### Work instructions
Set down exactly the lines below, from the one containing "A purple abstract" through the final line, and include no others.

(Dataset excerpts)
*** Block opens ***

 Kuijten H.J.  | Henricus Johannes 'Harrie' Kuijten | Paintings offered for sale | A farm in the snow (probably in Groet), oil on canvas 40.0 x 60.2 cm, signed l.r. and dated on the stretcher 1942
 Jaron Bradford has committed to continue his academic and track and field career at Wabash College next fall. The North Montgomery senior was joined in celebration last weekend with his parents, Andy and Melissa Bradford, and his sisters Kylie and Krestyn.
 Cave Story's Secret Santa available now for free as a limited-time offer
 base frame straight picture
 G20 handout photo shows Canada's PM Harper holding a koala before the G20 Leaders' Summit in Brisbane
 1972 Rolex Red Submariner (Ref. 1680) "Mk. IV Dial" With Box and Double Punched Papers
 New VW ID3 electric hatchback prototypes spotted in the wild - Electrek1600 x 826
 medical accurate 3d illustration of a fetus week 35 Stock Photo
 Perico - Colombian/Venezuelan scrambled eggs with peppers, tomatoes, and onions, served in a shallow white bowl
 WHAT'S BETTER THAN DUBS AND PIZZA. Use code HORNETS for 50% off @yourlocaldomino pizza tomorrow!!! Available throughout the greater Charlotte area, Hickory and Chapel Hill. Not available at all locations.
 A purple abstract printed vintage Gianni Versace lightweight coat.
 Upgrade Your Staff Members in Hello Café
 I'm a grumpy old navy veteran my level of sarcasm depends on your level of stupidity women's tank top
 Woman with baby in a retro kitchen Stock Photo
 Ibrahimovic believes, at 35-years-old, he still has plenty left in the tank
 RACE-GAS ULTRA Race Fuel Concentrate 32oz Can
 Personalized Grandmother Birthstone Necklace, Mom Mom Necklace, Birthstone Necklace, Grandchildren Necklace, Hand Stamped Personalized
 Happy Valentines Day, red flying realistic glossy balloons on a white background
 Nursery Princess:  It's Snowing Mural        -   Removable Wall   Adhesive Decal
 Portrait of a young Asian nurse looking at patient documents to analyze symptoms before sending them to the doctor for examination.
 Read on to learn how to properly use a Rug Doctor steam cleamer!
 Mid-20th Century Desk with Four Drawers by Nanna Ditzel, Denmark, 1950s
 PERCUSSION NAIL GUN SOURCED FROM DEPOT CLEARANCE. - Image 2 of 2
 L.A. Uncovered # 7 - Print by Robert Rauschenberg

*** Block closes ***

### Reply to the task
 A purple abstract printed vintage Gianni Versace lightweight coat.
 Upgrade Your Staff Members in Hello Café
 I'm a grumpy old navy veteran my level of sarcasm depends on your level of stupidity women's tank top
 Woman with baby in a retro kitchen Stock Photo
 Ibrahimovic believes, at 35-years-old, he still has plenty left in the tank
 RACE-GAS ULTRA Race Fuel Concentrate 32oz Can
 Personalized Grandmother Birthstone Necklace, Mom Mom Necklace, Birthstone Necklace, Grandchildren Necklace, Hand Stamped Personalized
 Happy Valentines Day, red flying realistic glossy balloons on a white background
 Nursery Princess:  It's Snowing Mural        -   Removable Wall   Adhesive Decal
 Portrait of a young Asian nurse looking at patient documents to analyze symptoms before sending them to the doctor for examination.
 Read on to learn how to properly use a Rug Doctor steam cleamer!
 Mid-20th Century Desk with Four Drawers by Nanna Ditzel, Denmark, 1950s
 PERCUSSION NAIL GUN SOURCED FROM DEPOT CLEARANCE. - Image 2 of 2
 L.A. Uncovered # 7 - Print by Robert Rauschenberg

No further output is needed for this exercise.